#### [What is required]
Return only the lines running from the top of the entries to the line with "Red Wine 2017", inclusive, exactly as written.

####################

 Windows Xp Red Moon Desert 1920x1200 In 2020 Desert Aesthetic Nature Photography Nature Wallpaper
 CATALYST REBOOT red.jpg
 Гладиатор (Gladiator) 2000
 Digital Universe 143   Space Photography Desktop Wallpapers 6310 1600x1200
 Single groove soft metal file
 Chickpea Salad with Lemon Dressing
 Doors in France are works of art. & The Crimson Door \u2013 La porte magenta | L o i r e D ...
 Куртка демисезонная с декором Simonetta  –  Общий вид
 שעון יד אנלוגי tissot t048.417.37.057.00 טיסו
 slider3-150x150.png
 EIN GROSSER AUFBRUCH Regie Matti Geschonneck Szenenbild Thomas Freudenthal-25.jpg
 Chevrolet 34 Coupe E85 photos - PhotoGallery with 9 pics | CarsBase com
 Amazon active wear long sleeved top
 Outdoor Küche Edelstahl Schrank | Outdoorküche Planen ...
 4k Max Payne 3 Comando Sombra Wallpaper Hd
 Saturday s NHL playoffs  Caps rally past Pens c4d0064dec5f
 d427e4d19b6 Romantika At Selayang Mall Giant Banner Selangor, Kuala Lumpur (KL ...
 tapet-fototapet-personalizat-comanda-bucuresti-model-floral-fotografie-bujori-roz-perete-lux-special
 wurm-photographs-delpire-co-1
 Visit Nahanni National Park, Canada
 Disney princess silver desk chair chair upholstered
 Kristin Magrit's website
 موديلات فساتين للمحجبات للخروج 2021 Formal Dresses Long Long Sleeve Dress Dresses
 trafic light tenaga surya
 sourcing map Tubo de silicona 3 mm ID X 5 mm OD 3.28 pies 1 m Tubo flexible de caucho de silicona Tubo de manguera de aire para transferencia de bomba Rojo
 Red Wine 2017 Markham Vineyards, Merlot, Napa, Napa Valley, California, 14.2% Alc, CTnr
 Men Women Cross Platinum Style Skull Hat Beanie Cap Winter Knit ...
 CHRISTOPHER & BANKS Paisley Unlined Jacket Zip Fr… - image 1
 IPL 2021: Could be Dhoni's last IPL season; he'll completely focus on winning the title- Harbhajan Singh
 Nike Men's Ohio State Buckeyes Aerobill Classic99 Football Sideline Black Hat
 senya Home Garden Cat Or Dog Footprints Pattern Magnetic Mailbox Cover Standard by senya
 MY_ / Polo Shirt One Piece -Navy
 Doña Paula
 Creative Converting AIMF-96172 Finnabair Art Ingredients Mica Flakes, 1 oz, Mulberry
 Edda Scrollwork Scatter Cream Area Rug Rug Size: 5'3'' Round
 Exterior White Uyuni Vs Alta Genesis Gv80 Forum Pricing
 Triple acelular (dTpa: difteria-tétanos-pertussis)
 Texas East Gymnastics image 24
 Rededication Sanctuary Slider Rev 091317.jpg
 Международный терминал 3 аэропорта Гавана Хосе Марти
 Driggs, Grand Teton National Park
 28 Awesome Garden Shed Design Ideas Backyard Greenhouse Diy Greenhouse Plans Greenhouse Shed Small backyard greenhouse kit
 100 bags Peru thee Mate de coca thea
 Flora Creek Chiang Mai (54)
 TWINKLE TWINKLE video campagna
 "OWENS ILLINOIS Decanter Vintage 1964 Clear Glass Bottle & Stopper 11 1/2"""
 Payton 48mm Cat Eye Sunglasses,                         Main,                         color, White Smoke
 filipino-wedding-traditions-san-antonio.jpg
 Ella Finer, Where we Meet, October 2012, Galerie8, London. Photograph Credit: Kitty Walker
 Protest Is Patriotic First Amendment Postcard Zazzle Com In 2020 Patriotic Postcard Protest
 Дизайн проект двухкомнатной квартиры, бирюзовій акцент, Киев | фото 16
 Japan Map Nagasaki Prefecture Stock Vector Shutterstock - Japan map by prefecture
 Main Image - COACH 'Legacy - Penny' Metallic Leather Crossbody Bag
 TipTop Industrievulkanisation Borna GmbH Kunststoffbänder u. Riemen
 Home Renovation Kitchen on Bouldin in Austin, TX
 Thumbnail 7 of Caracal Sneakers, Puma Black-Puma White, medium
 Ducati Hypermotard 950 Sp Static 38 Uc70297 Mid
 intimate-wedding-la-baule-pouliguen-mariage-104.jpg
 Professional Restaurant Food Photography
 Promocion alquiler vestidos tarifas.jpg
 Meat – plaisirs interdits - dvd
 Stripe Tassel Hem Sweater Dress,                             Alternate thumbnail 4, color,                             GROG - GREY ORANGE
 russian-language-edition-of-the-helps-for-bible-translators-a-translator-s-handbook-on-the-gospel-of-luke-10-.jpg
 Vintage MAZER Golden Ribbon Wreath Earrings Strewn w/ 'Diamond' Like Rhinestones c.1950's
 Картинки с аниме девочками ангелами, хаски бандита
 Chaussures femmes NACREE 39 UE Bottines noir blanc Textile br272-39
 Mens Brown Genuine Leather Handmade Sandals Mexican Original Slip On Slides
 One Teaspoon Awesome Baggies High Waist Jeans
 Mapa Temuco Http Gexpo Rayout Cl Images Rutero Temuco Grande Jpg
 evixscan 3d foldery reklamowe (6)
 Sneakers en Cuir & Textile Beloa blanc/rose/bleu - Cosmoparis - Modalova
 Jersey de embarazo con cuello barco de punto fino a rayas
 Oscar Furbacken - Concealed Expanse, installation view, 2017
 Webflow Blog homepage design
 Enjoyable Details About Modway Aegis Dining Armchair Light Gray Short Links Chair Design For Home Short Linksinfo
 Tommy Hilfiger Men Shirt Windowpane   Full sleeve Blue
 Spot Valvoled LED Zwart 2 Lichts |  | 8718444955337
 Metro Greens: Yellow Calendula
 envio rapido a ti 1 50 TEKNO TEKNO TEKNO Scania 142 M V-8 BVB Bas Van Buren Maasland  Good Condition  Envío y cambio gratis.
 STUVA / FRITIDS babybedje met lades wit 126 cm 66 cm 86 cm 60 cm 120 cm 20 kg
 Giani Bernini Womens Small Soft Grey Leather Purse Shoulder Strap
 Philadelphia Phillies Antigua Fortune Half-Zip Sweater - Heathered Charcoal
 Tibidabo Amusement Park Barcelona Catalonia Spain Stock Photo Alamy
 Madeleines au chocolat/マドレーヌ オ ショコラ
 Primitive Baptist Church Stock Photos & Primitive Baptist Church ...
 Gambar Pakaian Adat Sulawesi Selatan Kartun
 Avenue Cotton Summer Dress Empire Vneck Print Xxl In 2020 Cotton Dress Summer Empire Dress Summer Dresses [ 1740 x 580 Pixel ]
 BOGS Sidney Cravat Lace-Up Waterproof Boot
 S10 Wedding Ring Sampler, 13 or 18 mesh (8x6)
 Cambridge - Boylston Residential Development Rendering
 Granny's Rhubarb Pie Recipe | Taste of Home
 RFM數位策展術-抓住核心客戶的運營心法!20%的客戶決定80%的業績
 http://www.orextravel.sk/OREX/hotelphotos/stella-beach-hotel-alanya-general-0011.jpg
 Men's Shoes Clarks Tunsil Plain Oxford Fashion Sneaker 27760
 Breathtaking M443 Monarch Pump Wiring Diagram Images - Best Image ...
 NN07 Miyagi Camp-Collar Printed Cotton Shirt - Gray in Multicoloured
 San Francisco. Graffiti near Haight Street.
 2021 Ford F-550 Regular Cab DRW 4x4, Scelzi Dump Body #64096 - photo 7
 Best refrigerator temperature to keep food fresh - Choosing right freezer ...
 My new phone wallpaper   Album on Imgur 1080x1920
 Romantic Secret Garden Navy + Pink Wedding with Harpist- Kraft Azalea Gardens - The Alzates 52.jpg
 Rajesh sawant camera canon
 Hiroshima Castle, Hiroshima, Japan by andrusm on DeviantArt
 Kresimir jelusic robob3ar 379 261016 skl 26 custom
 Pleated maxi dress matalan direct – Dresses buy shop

####################

#### [Task output]
 Windows Xp Red Moon Desert 1920x1200 In 2020 Desert Aesthetic Nature Photography Nature Wallpaper
 CATALYST REBOOT red.jpg
 Гладиатор (Gladiator) 2000
 Digital Universe 143   Space Photography Desktop Wallpapers 6310 1600x1200
 Single groove soft metal file
 Chickpea Salad with Lemon Dressing
 Doors in France are works of art. & The Crimson Door \u2013 La porte magenta | L o i r e D ...
 Куртка демисезонная с декором Simonetta  –  Общий вид
 שעון יד אנלוגי tissot t048.417.37.057.00 טיסו
 slider3-150x150.png
 EIN GROSSER AUFBRUCH Regie Matti Geschonneck Szenenbild Thomas Freudenthal-25.jpg
 Chevrolet 34 Coupe E85 photos - PhotoGallery with 9 pics | CarsBase com
 Amazon active wear long sleeved top
 Outdoor Küche Edelstahl Schrank | Outdoorküche Planen ...
 4k Max Payne 3 Comando Sombra Wallpaper Hd
 Saturday s NHL playoffs  Caps rally past Pens c4d0064dec5f
 d427e4d19b6 Romantika At Selayang Mall Giant Banner Selangor, Kuala Lumpur (KL ...
 tapet-fototapet-personalizat-comanda-bucuresti-model-floral-fotografie-bujori-roz-perete-lux-special
 wurm-photographs-delpire-co-1
 Visit Nahanni National Park, Canada
 Disney princess silver desk chair chair upholstered
 Kristin Magrit's website
 موديلات فساتين للمحجبات للخروج 2021 Formal Dresses Long Long Sleeve Dress Dresses
 trafic light tenaga surya
 sourcing map Tubo de silicona 3 mm ID X 5 mm OD 3.28 pies 1 m Tubo flexible de caucho de silicona Tubo de manguera de aire para transferencia de bomba Rojo
 Red Wine 2017 Markham Vineyards, Merlot, Napa, Napa Valley, California, 14.2% Alc, CTnr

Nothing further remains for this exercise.